In the real world for a port to grow the issue is not whether a port is located in a bigger or smaller hinterland or in a growth centre but rather whether within the region in which it operates it can compete for opportunities to trade and it can capture positions of advantage – whether it can interact with both port customers and port-related industries and establish effective linkages or working relationships such that enable it to create and deliver value to shippers and also to capture value for itself.

With deregulation and 'reregulation' of both domestic and international markets, with the improvements in transport networks and with the integration of transport systems, competition for cargo has extended beyond the natural hinterlands regardless of their sizes. Hinterlands are now overlapped, intertwined and diffused in such a way that the number of market access options available to shippers and the extent of competition between ports have markedly increased. Demand for port services originates in a much broader competitive landscape and hinterlands are now subject to penetration by other ports and third party service providers which may be located within or in distant regions. In a competitive environment captive markets and captive hinterlands are virtually non-existent or, if they exist, they only represent temporary inefficiencies in the markets.

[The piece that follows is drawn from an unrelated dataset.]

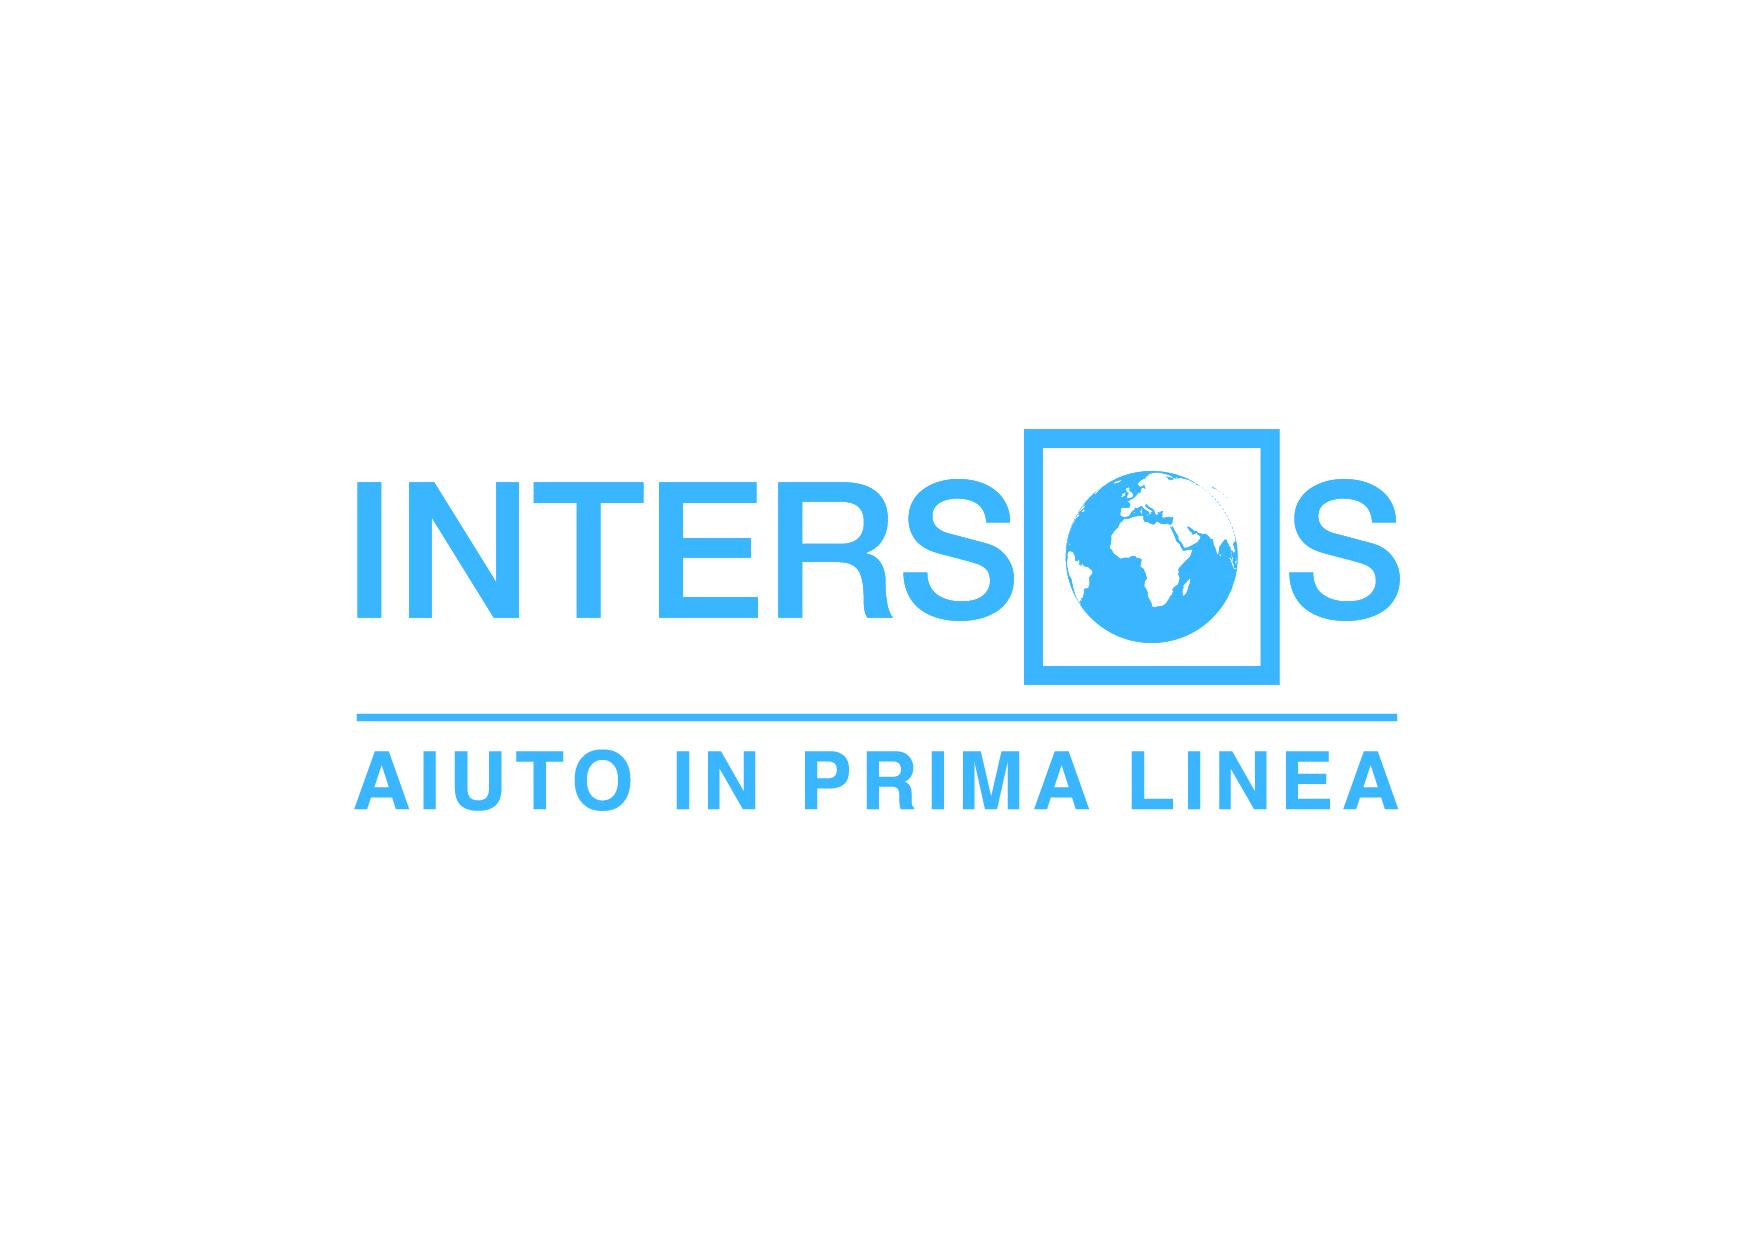 INTERSOS Organizzazione Umanitaria
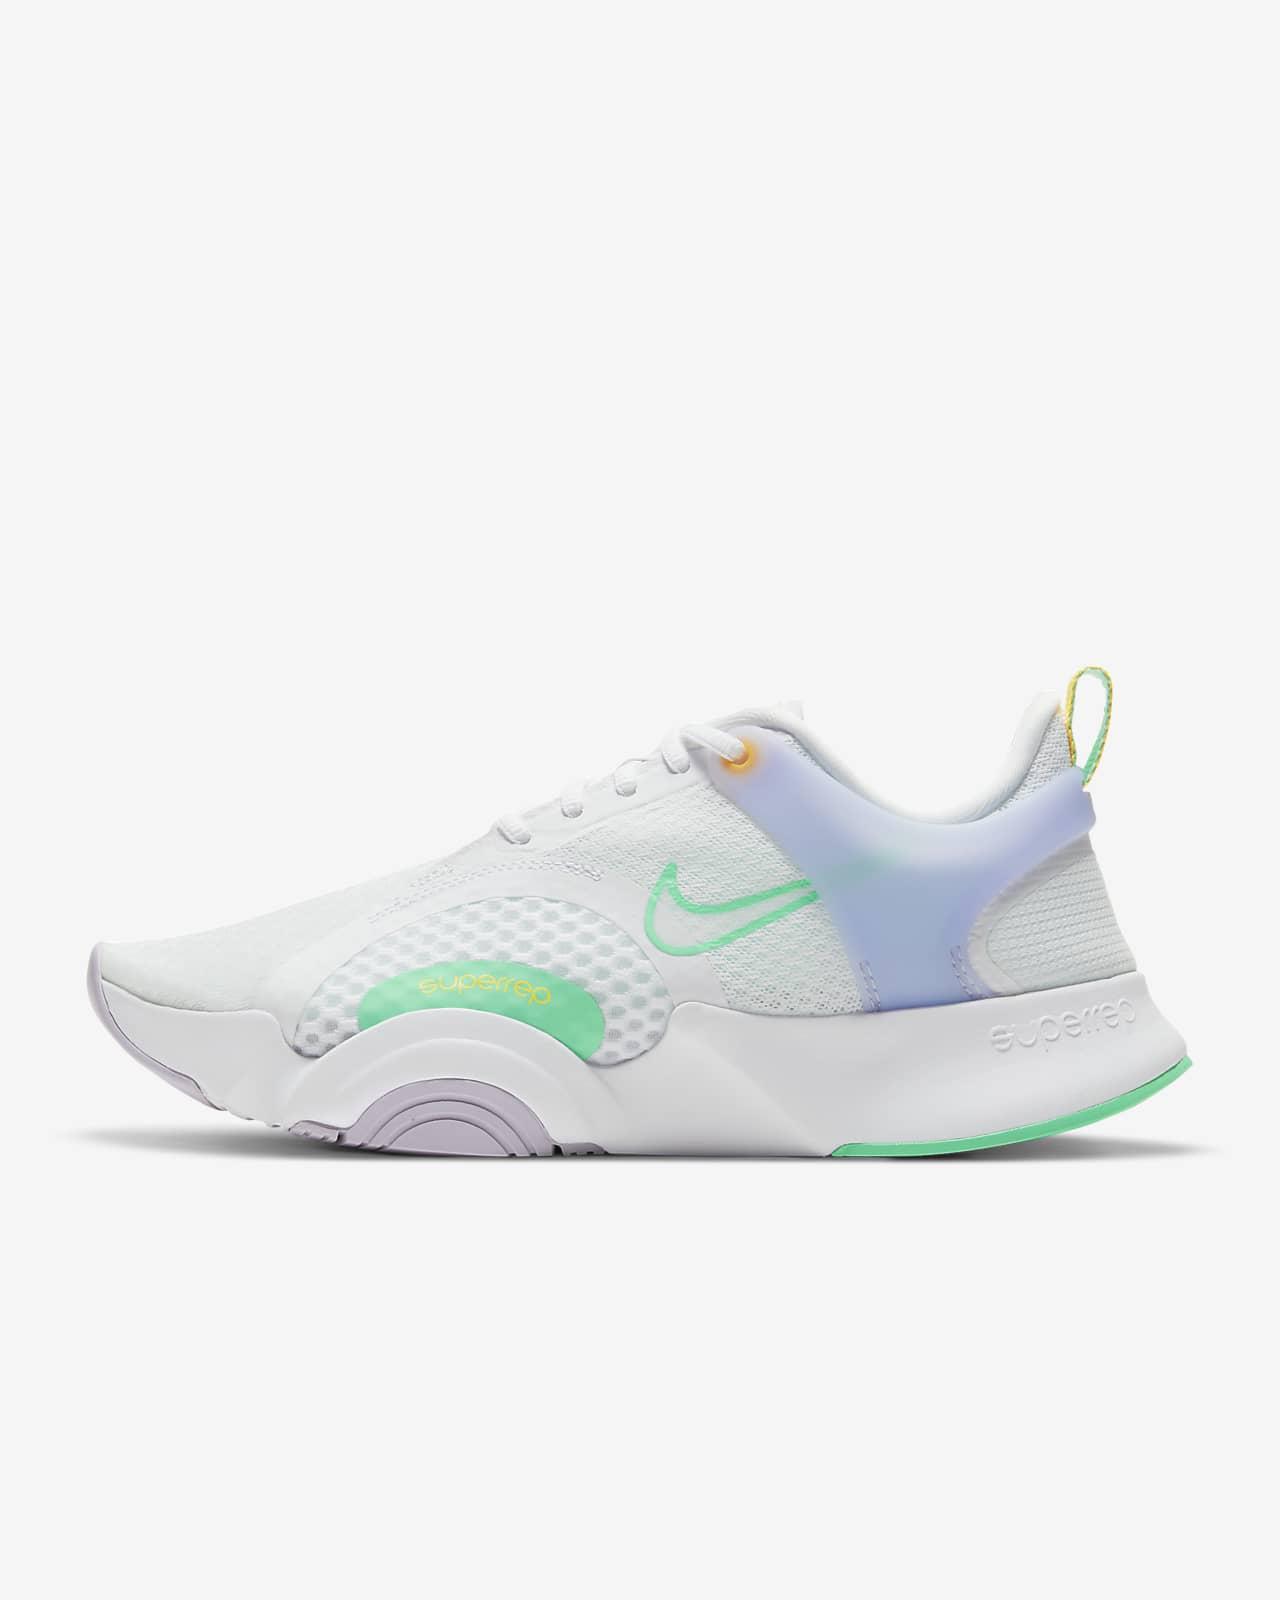 รองเท้าเทรนนิ่งผู้หญิง Nike SuperRep Go 2

Now shippers and more often carriers evaluate and choose ports that are located within their complex logistics network. Shippers move their cargo over routes or logistics networks which offer best outcomes in terms of overall service provision (Robinson

2003). Also shippers and carriers favour ports that are well located within their logistics networks. Specific port choice, as Hayuth and Fleming (1994) argue, is in a sense becoming a secondary concern as carriers are more concerned with selecting an efficient and marketable logistics supply chain in which ports are just elements. Therefore, finding a favourable location within this complex of networks is central to port growth and survival.